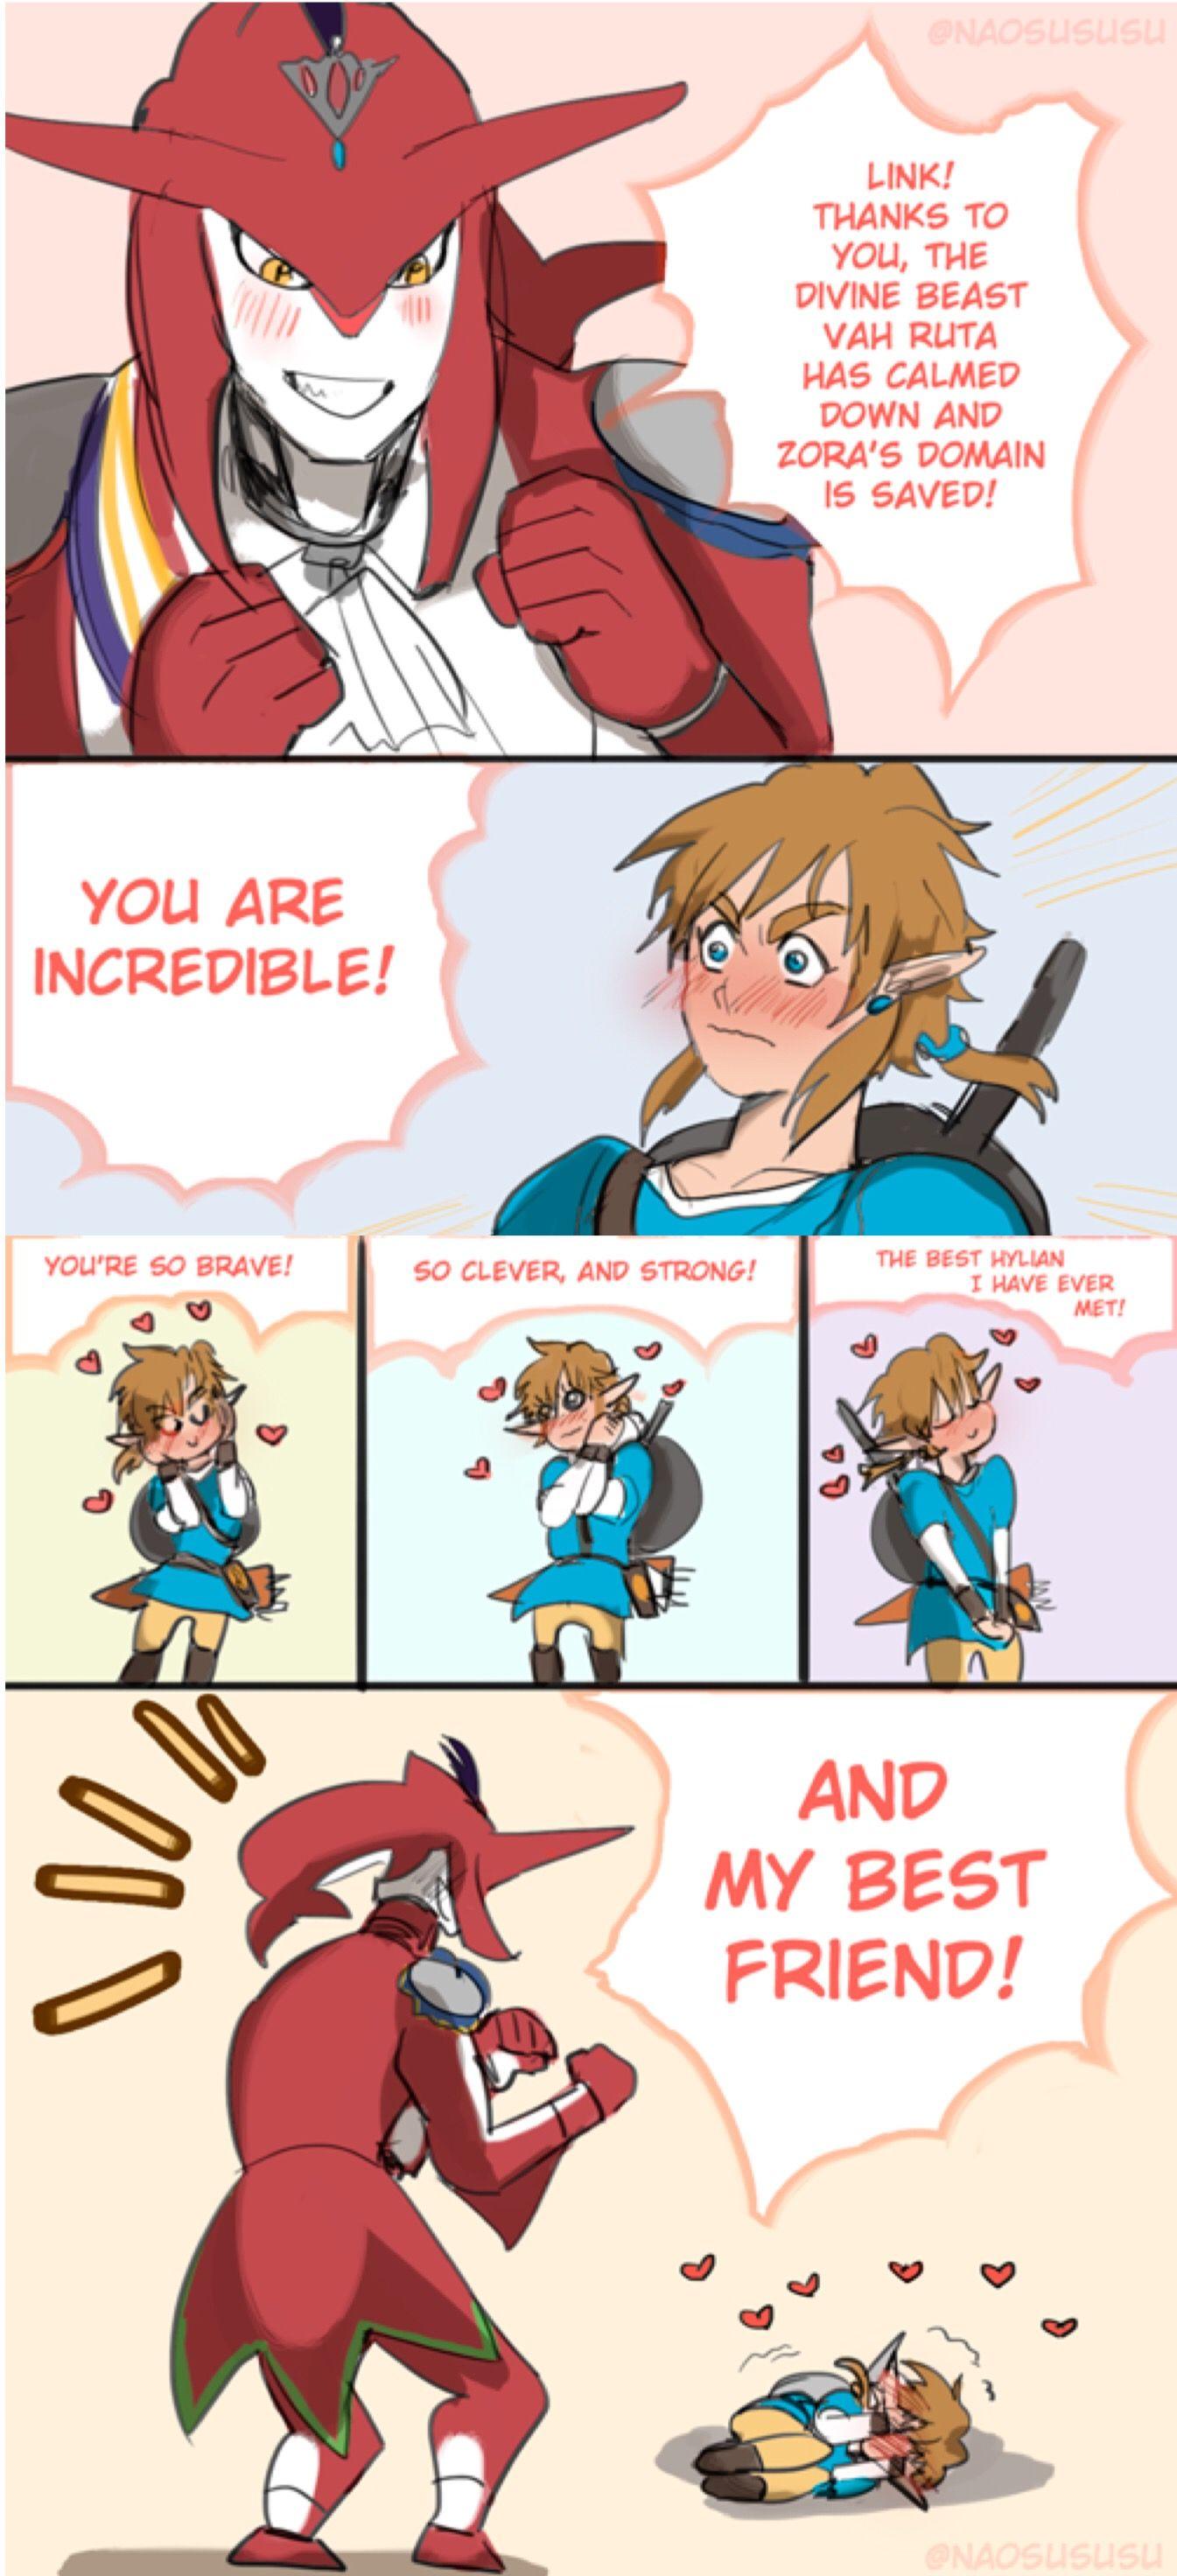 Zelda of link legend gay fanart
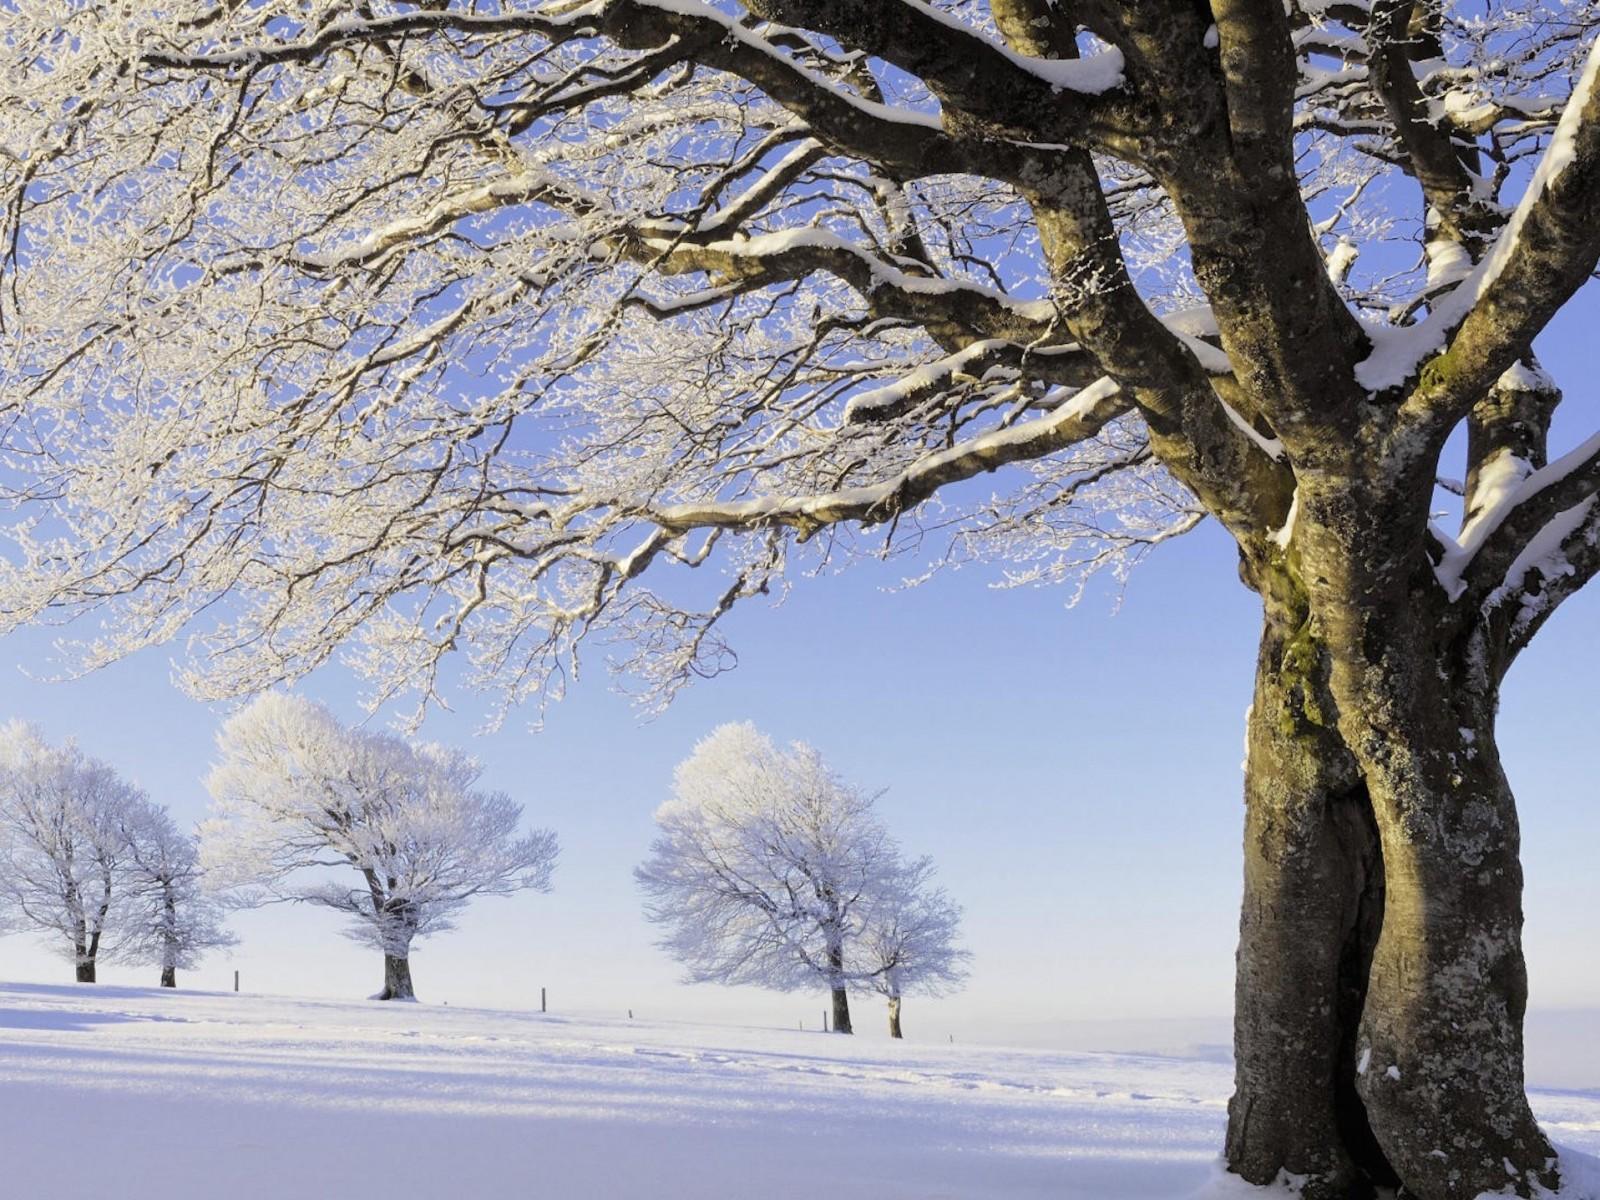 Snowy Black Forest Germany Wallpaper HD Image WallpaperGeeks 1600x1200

* * *

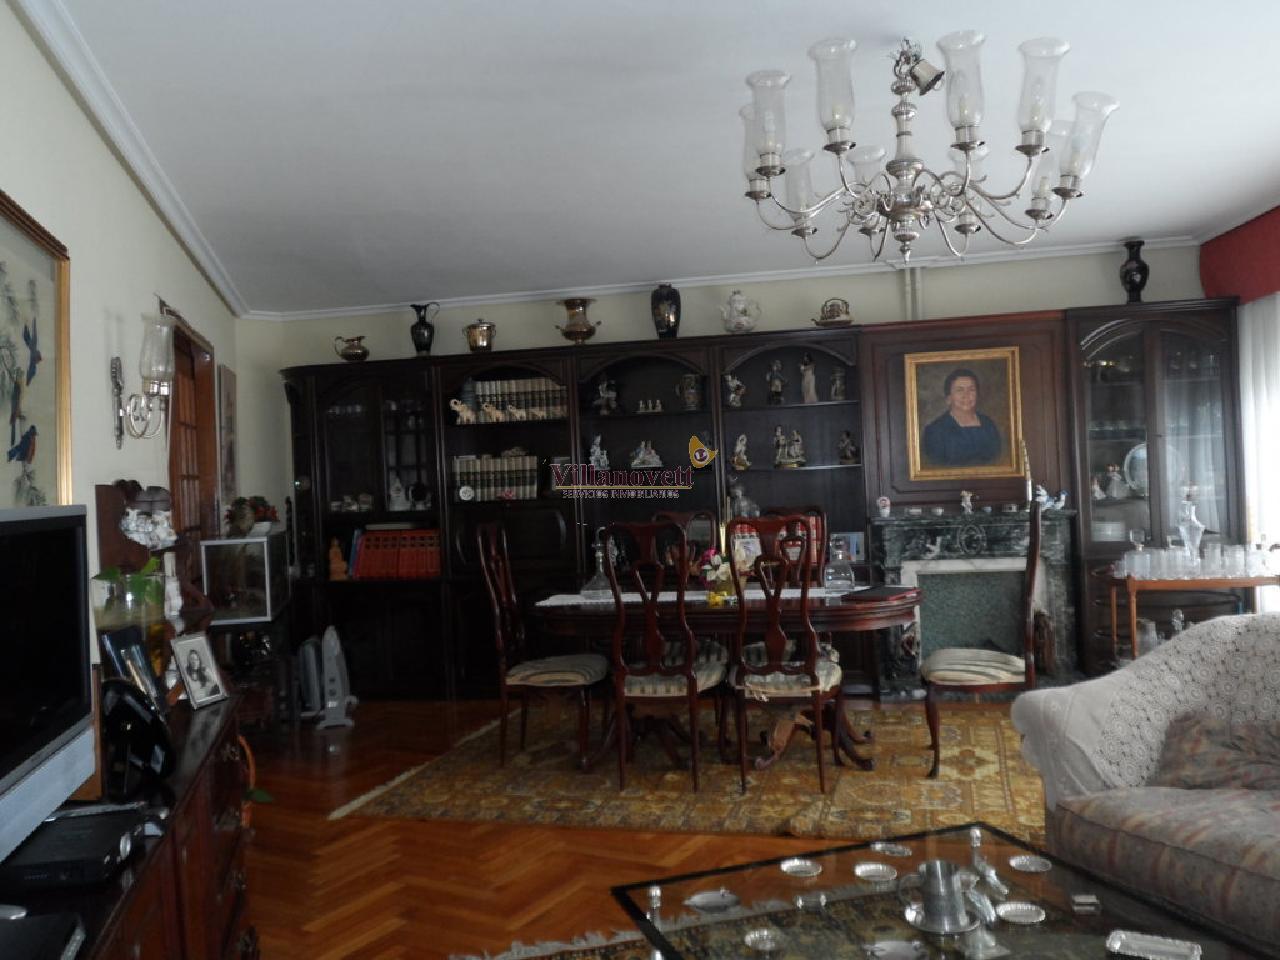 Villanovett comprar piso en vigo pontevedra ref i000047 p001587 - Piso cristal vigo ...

- **Task**
Return exactly the stretch above whose first line contains "Zelda of link legend gay fanart" and whose last line contains "Snowy Black Forest", and nothing outside it. The pictures should not appear.

- **Output of the exercise**
 Zelda of link legend gay fanart
 Snowy Black Forest Germany Wallpaper HD Image WallpaperGeeks 1600x1200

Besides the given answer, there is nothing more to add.